[Items from a data source]
+-------+
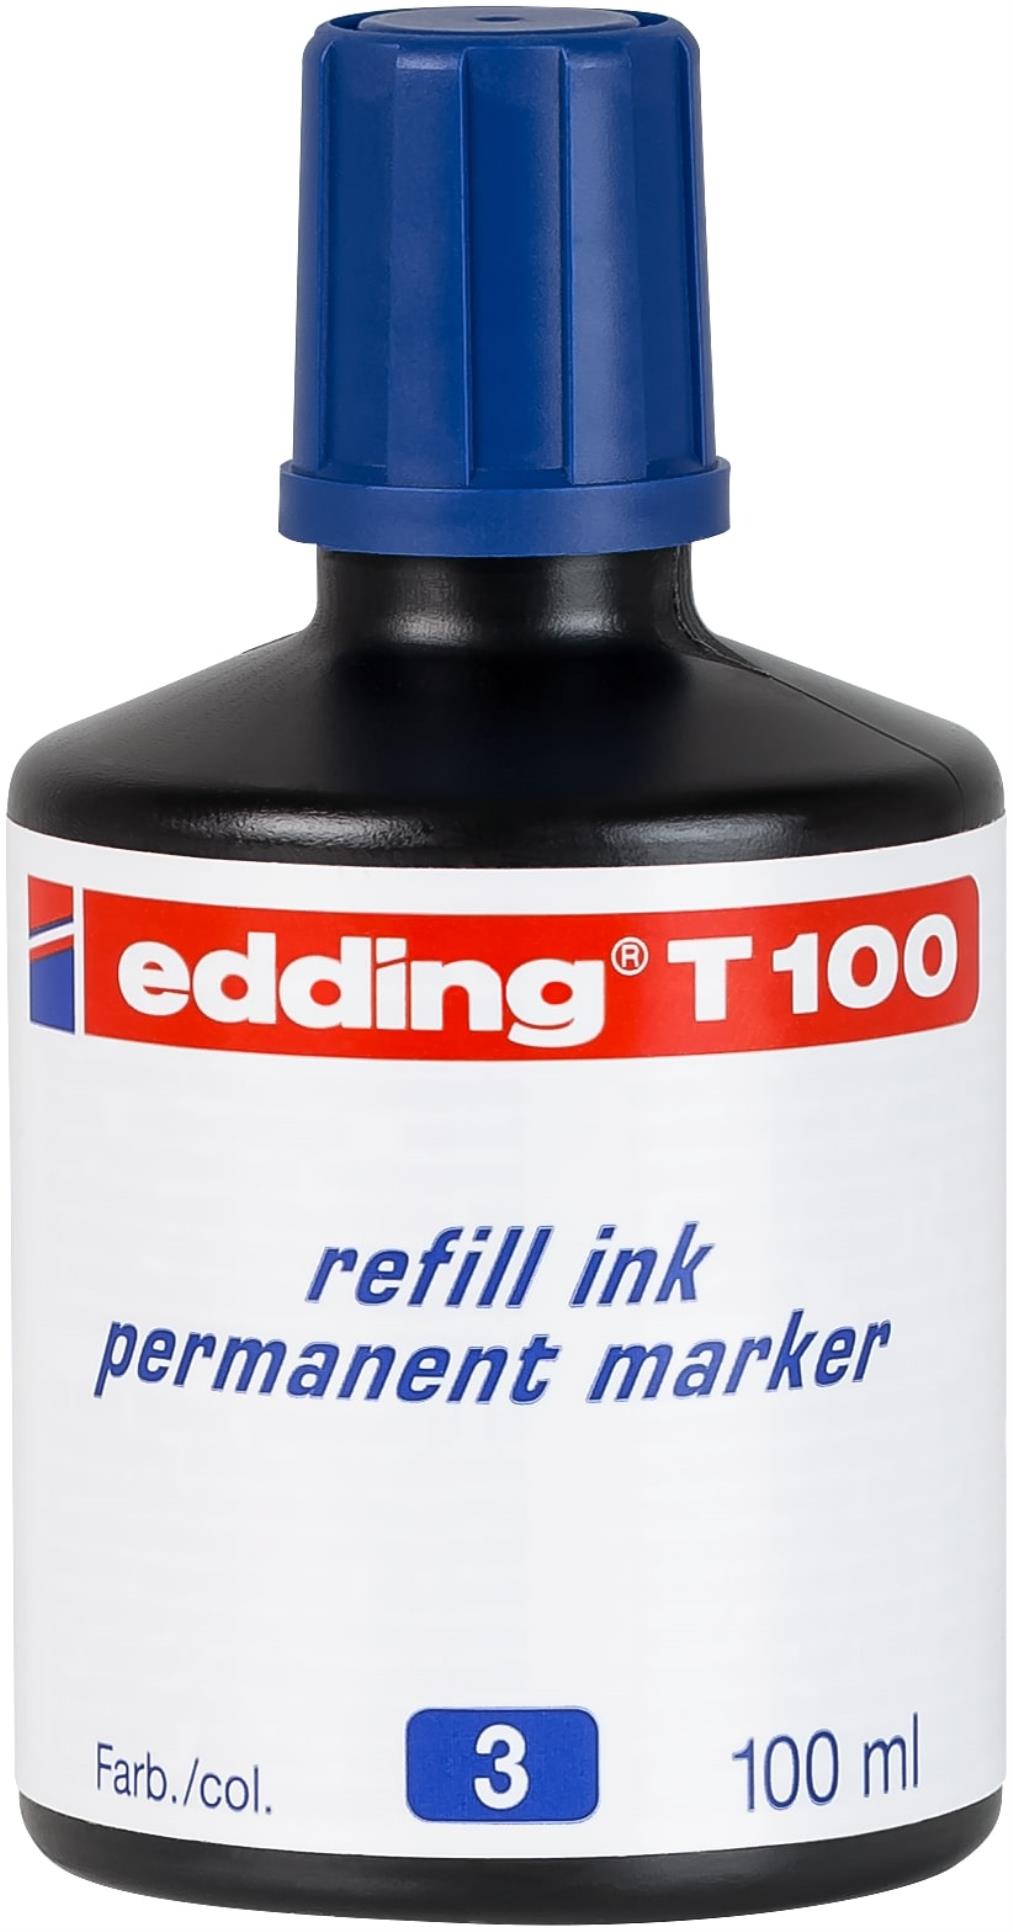 Náhradní permanentní inkoust edding T100 - modrý, 100 ml
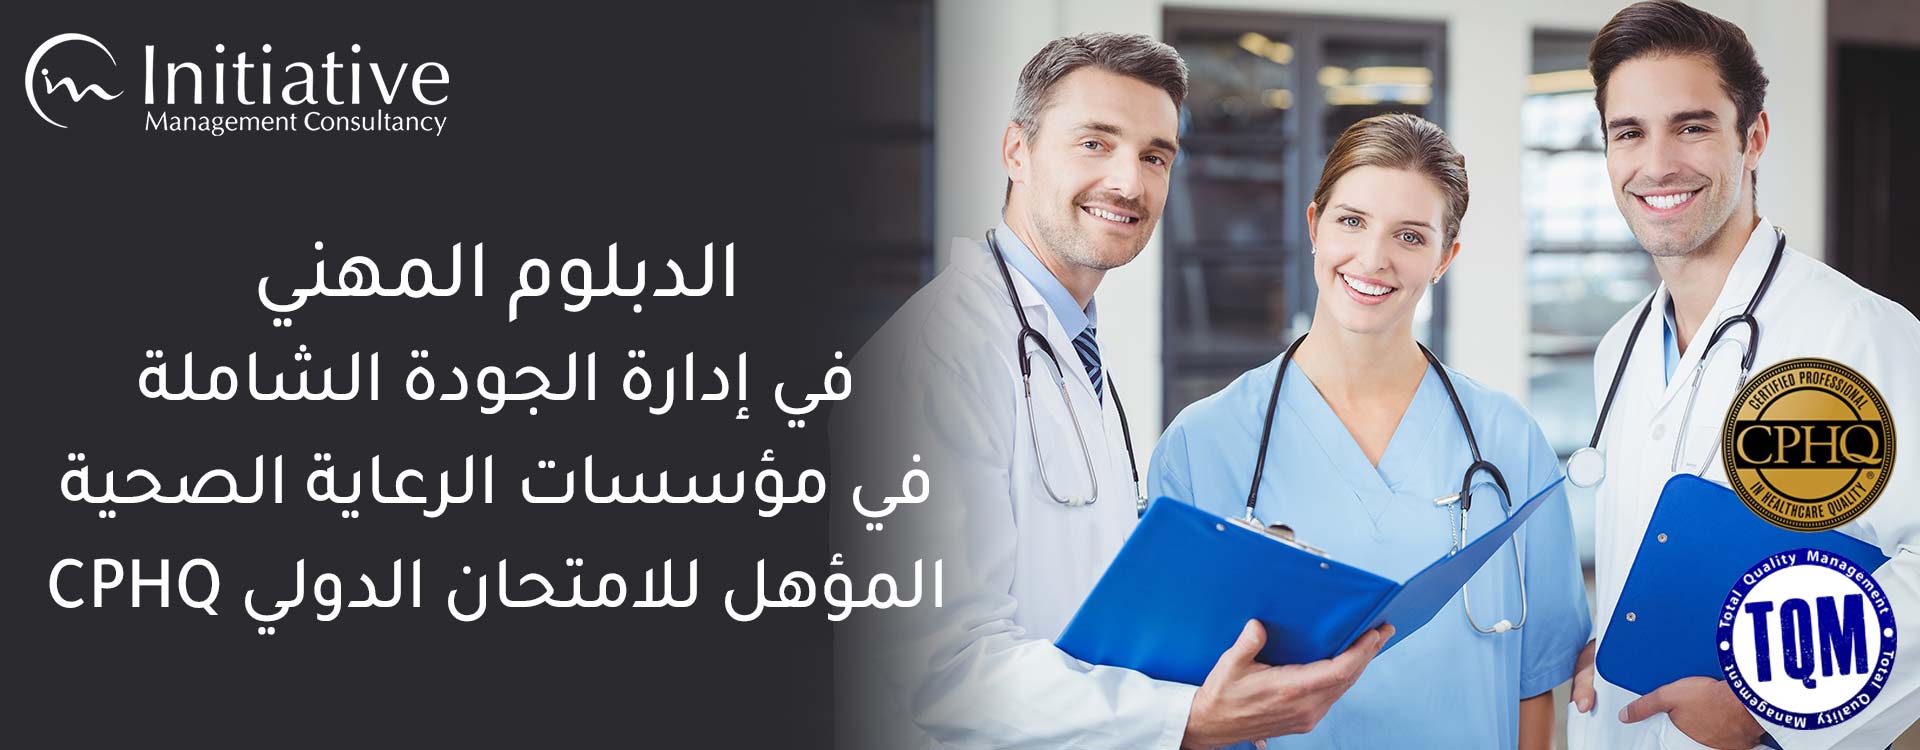 الدبلوم المهني في إدارة الجودة الشاملة في مؤسسات الرعاية الصحية المؤهل للامتحان الدولي CPHQ
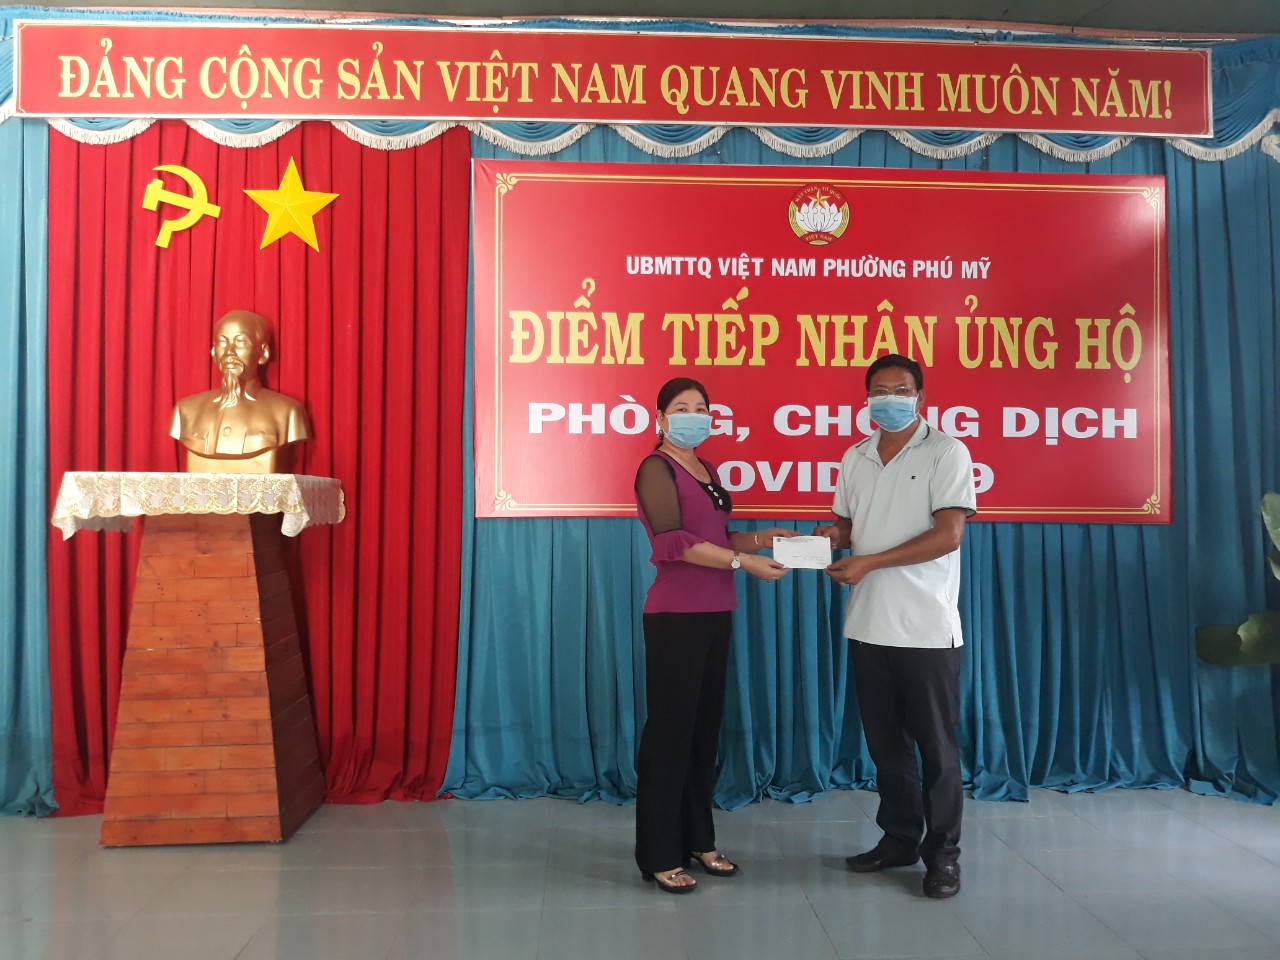 Cô Võ Thị Hà - Chủ tịch công đoàn trường và Ông Huỳnh Tấn Sơn - Chủ tịch ủy ban MTTQ Việt Nam Phường Phú Mỹ nhận đóng góp ủng hộ công tác phòng, chống dịch bệnh COVID-19 tại phường Phú Mỹ
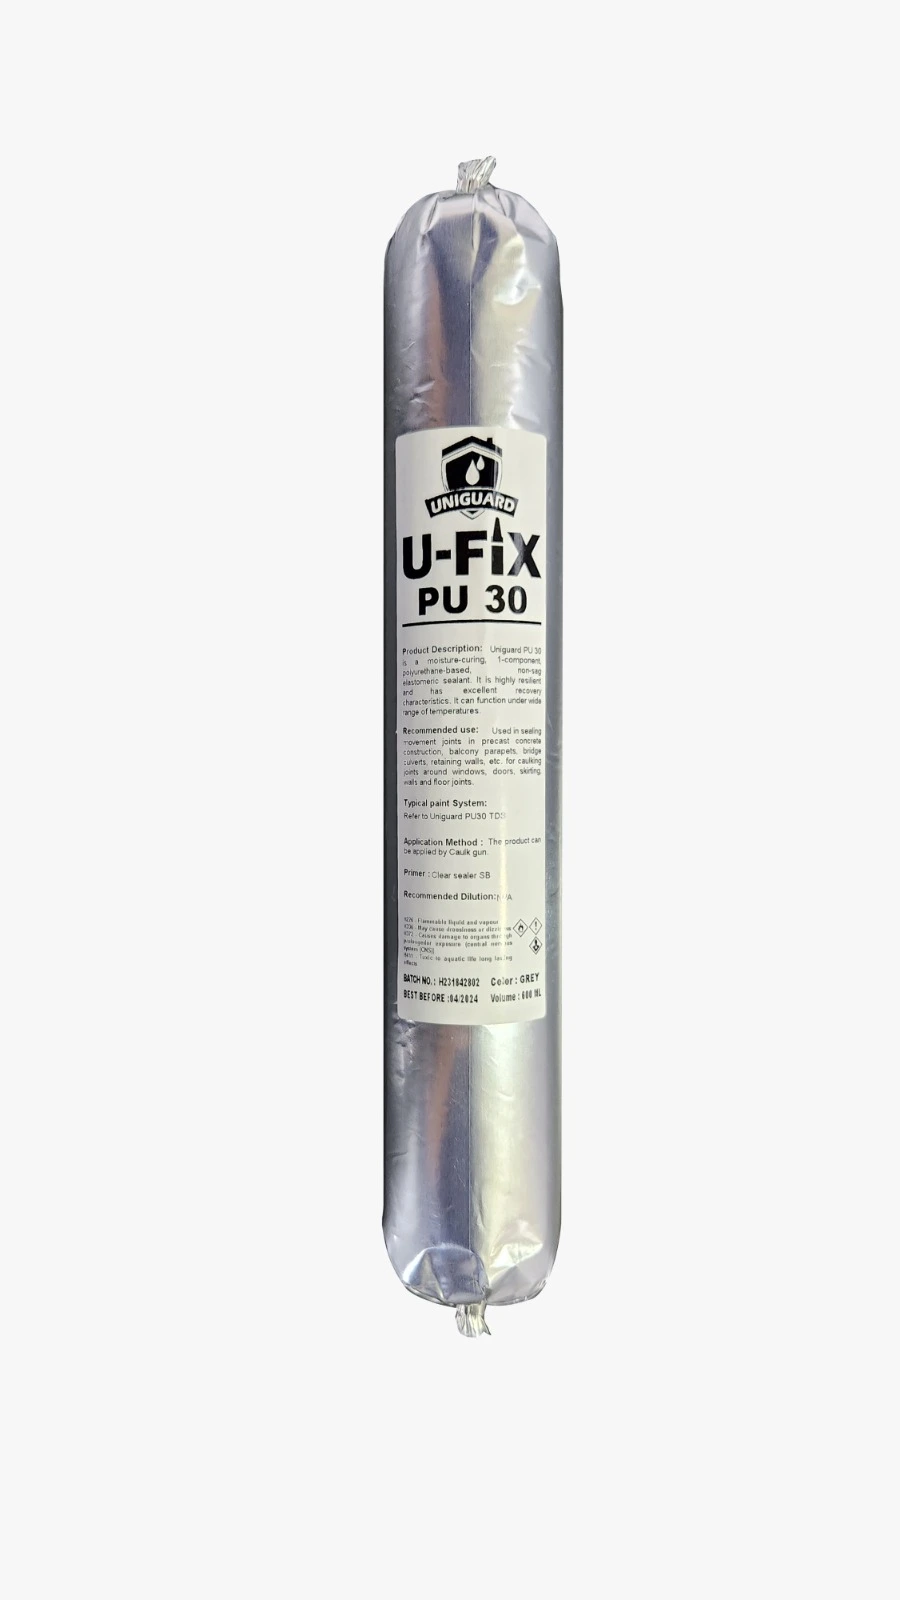 U-Fix PU 30
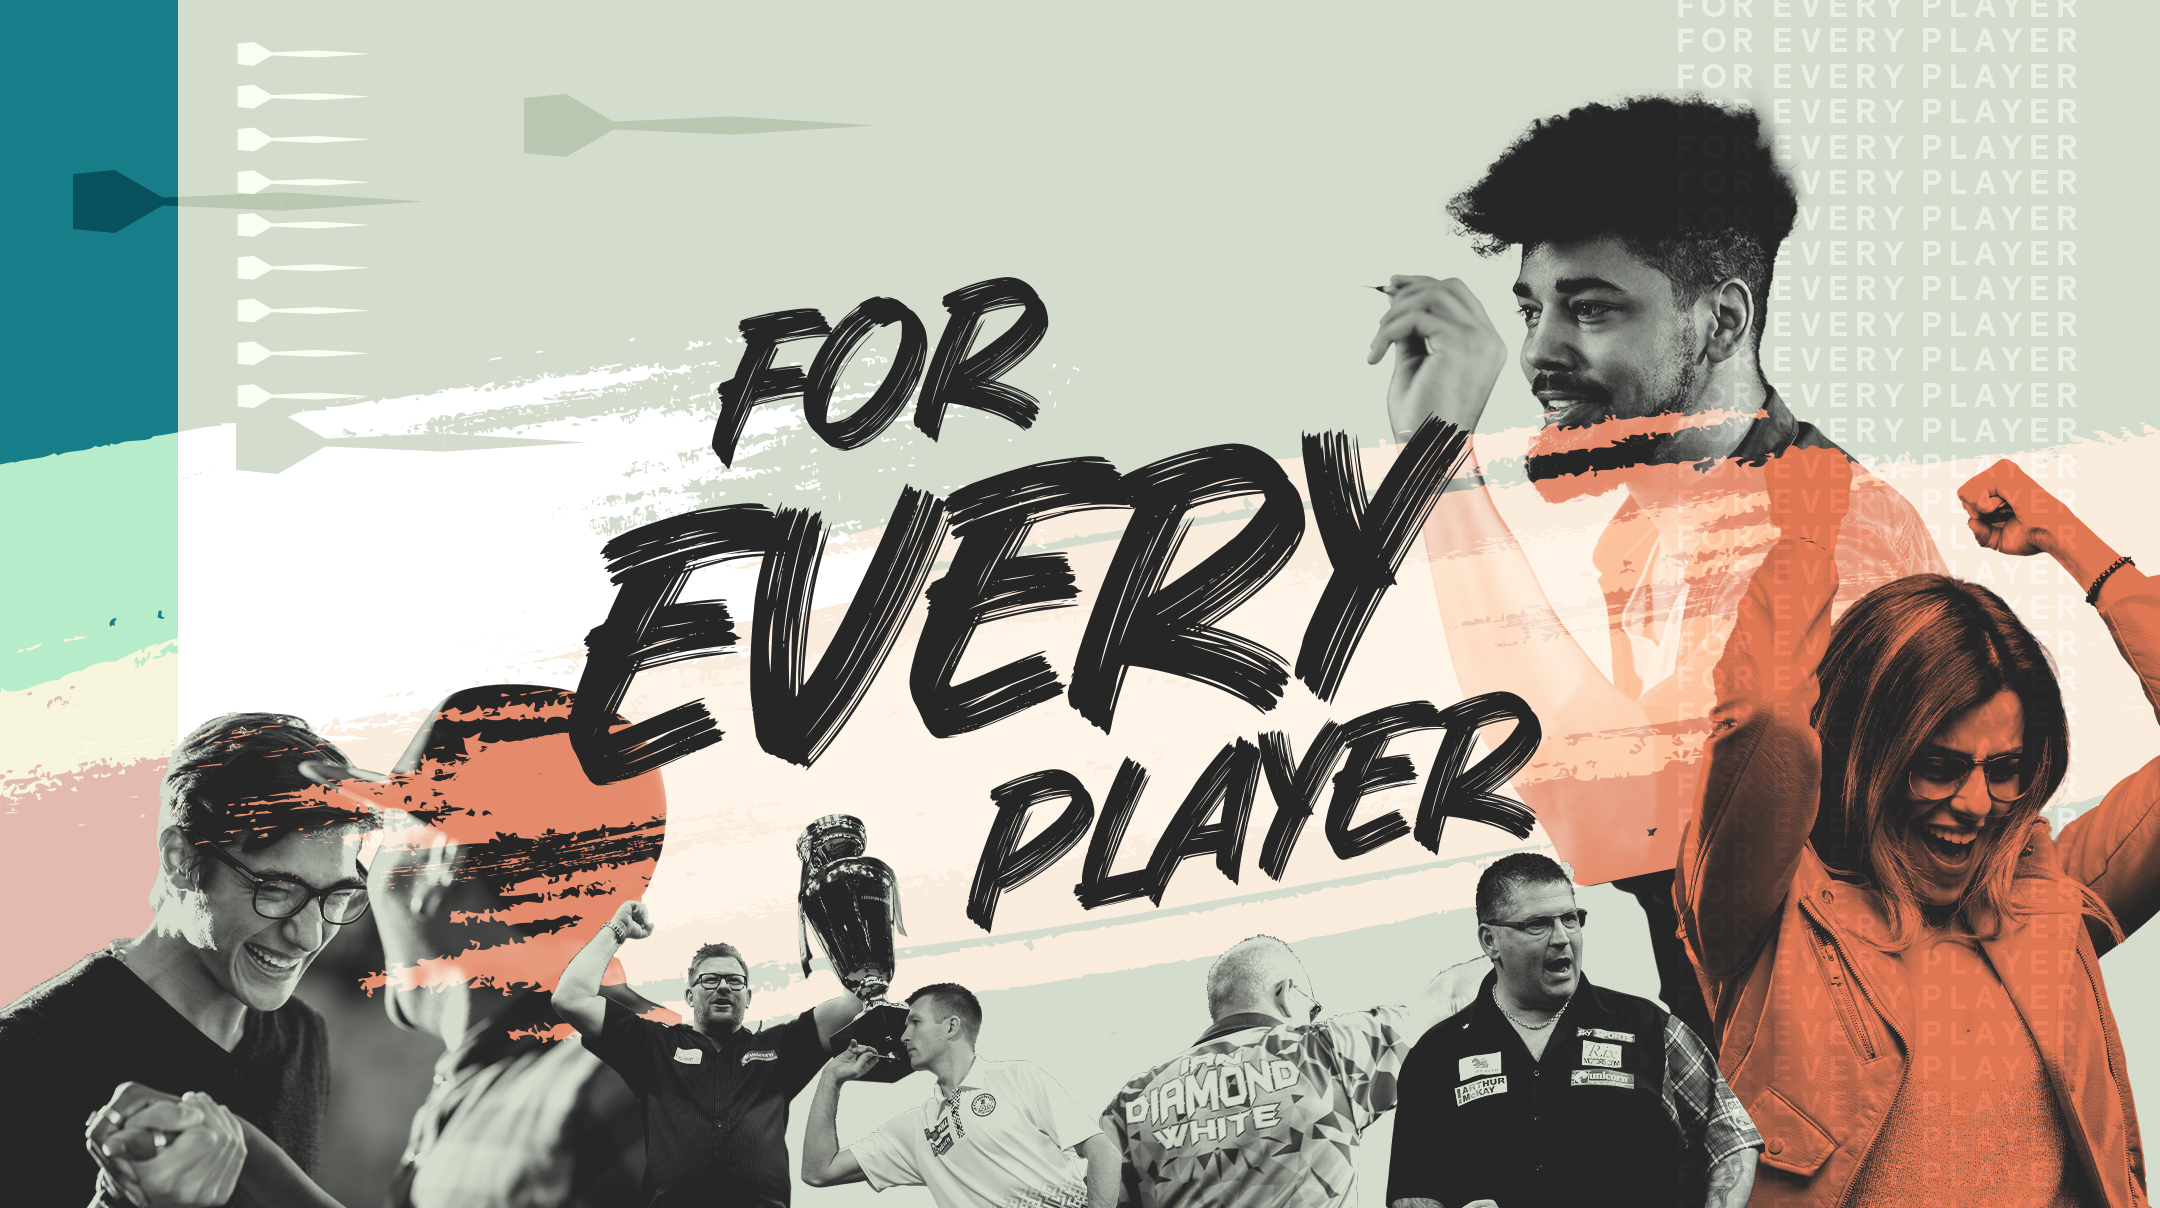 Homepage - Unicorn Darts - For Every Player | Dartscheiben
+-------+
[What is needed]: Output the data verbatim, images excluded.

[Response to this exercise]:
 Náhradní permanentní inkoust edding T100 - modrý, 100 ml
 الدبلوم المهني في إدارة الجودة الشاملة في مؤسسات الرعاية الصحية المؤهل للامتحان الدولي CPHQ
 Cô Võ Thị Hà - Chủ tịch công đoàn trường và Ông Huỳnh Tấn Sơn - Chủ tịch ủy ban MTTQ Việt Nam Phường Phú Mỹ nhận đóng góp ủng hộ công tác phòng, chống dịch bệnh COVID-19 tại phường Phú Mỹ
 U-Fix PU 30
 Homepage - Unicorn Darts - For Every Player | Dartscheiben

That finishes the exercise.